Task directions: What you submit must be an exact copy of the listing below, with no images in it.

Dataset excerpt:
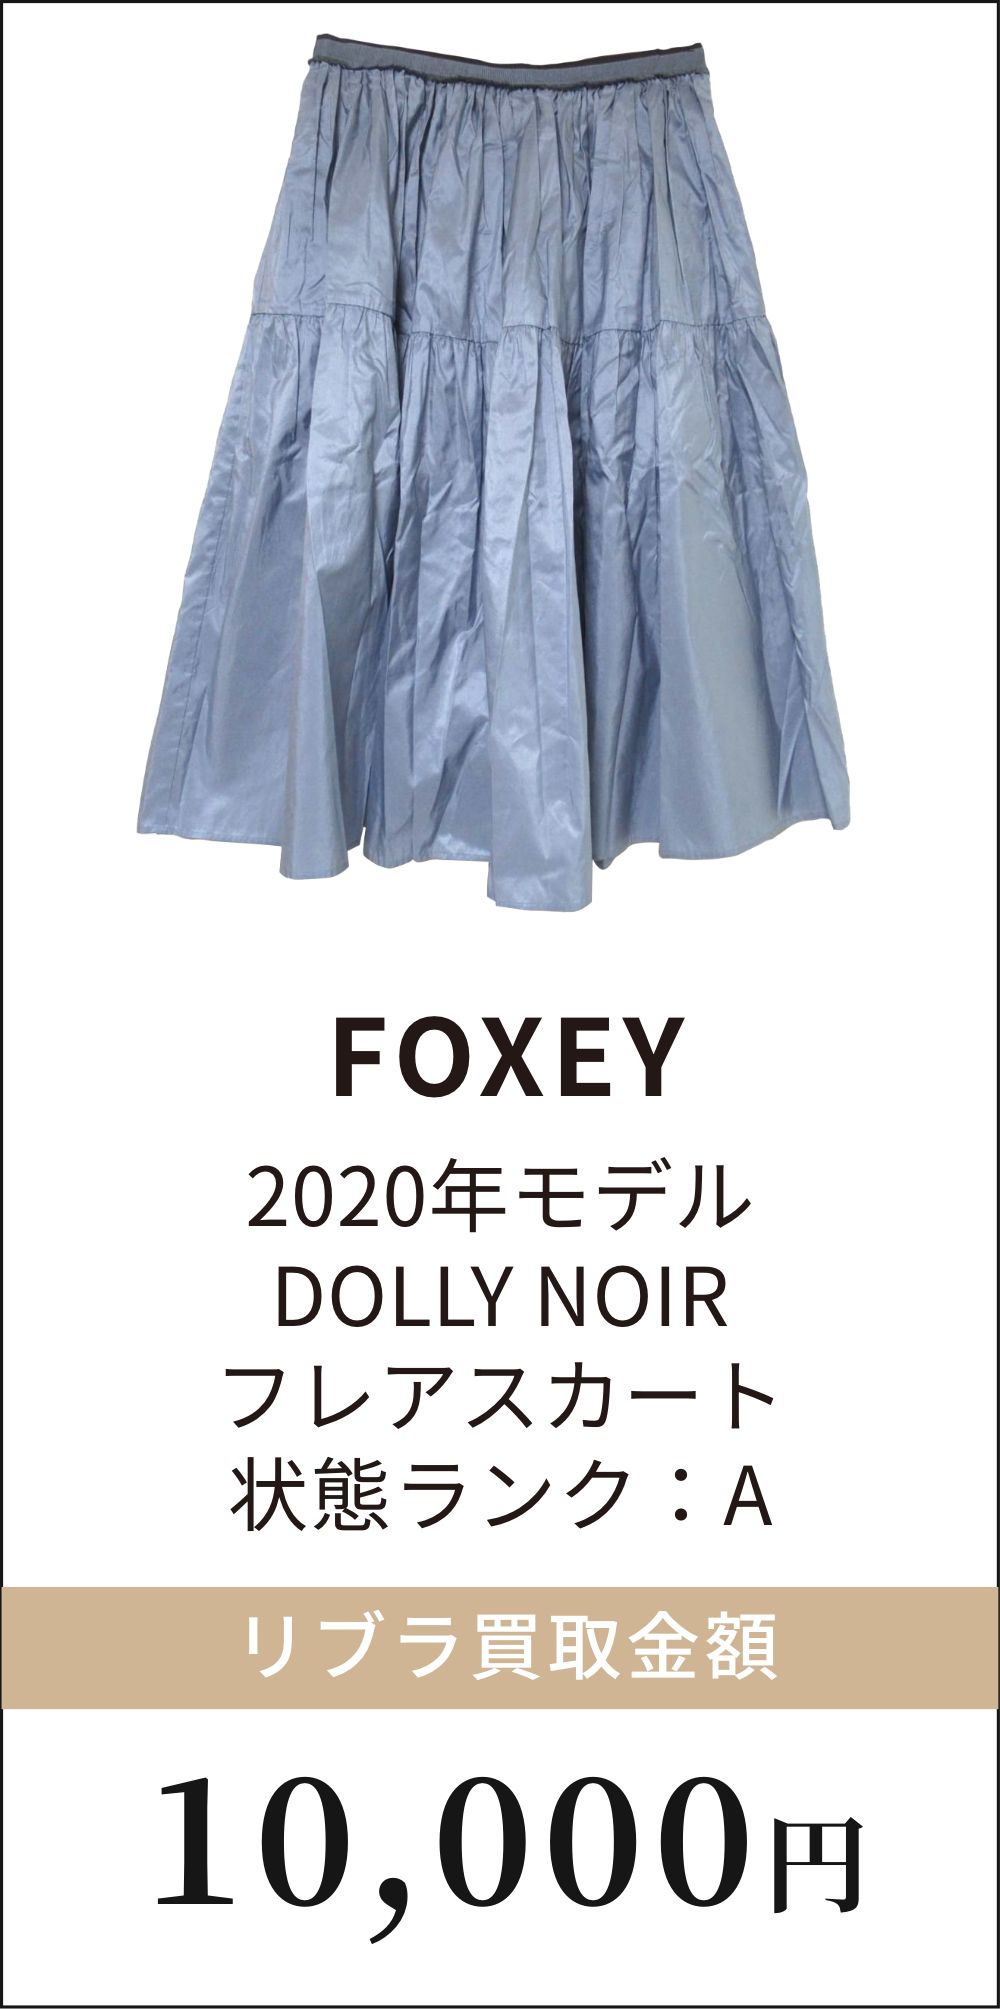 FOXEY 2020年モデル　DOLLY NOIR フレアスカート
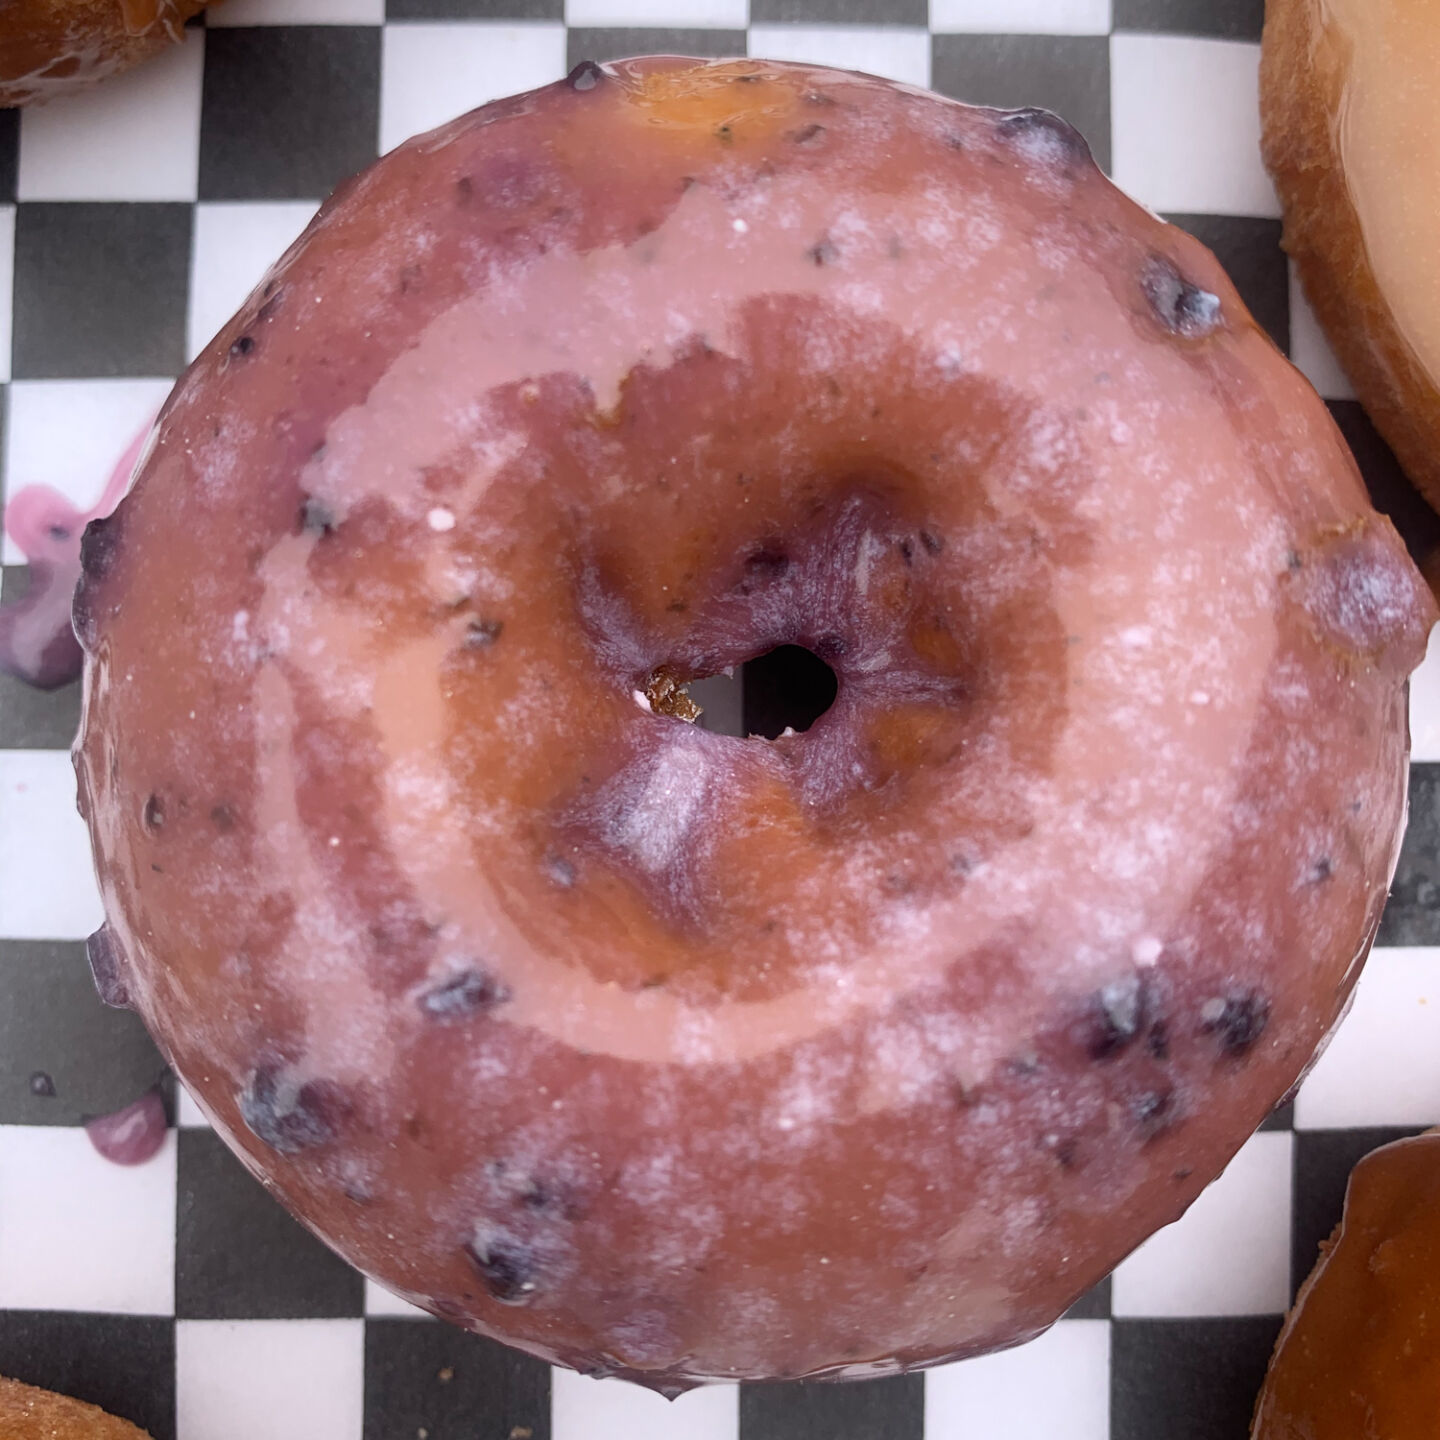 07-broad-street-dough-blueberry-donut.jpg
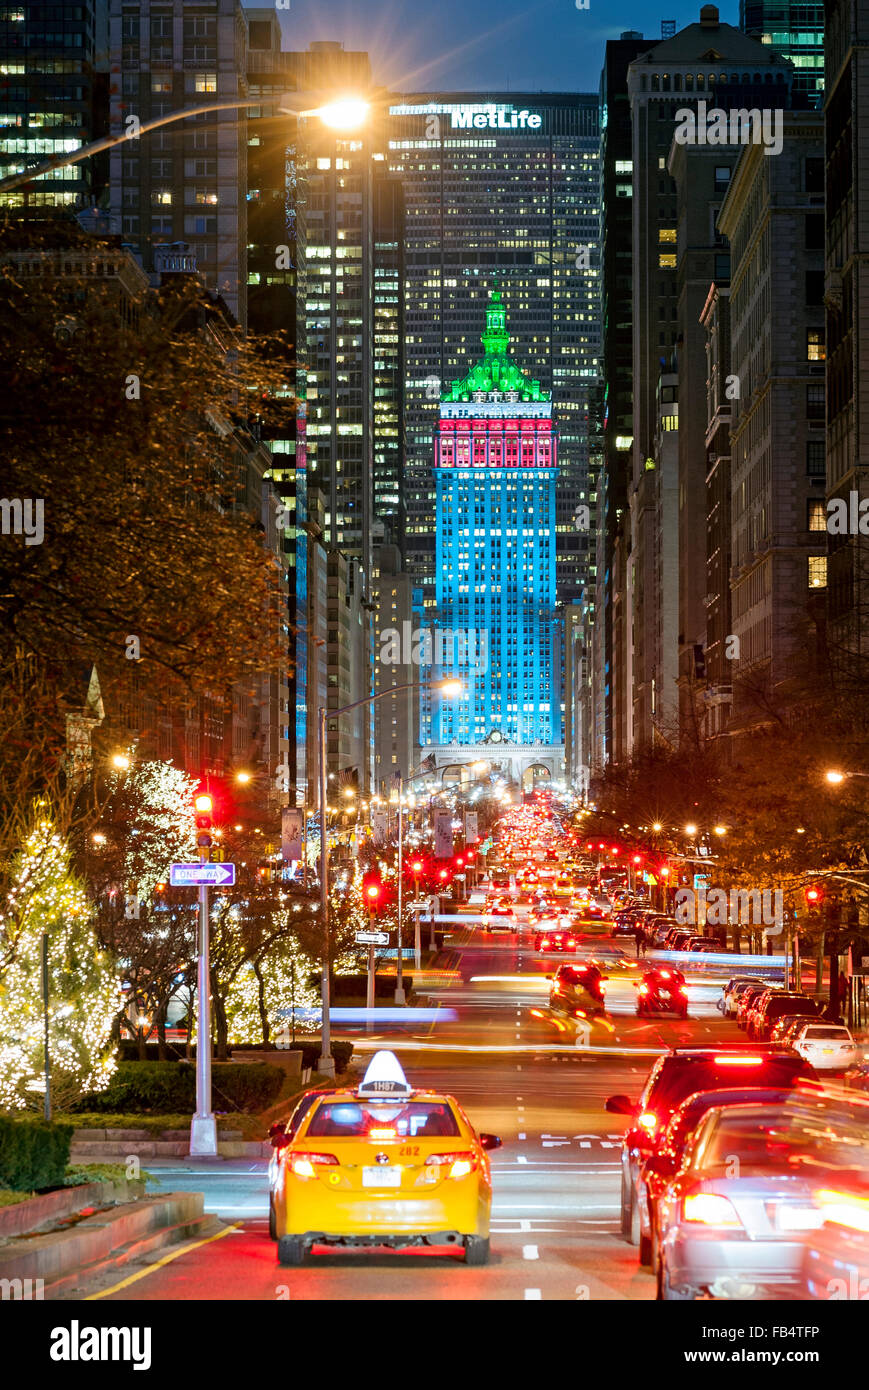 Immagini Natale A New York.Christmas In New York Immagini E Fotos Stock Alamy

Your response:
 FOXEY 2020年モデル　DOLLY NOIR フレアスカート
 07-broad-street-dough-blueberry-donut.jpg
 Immagini Natale A New York.Christmas In New York Immagini E Fotos Stock Alamy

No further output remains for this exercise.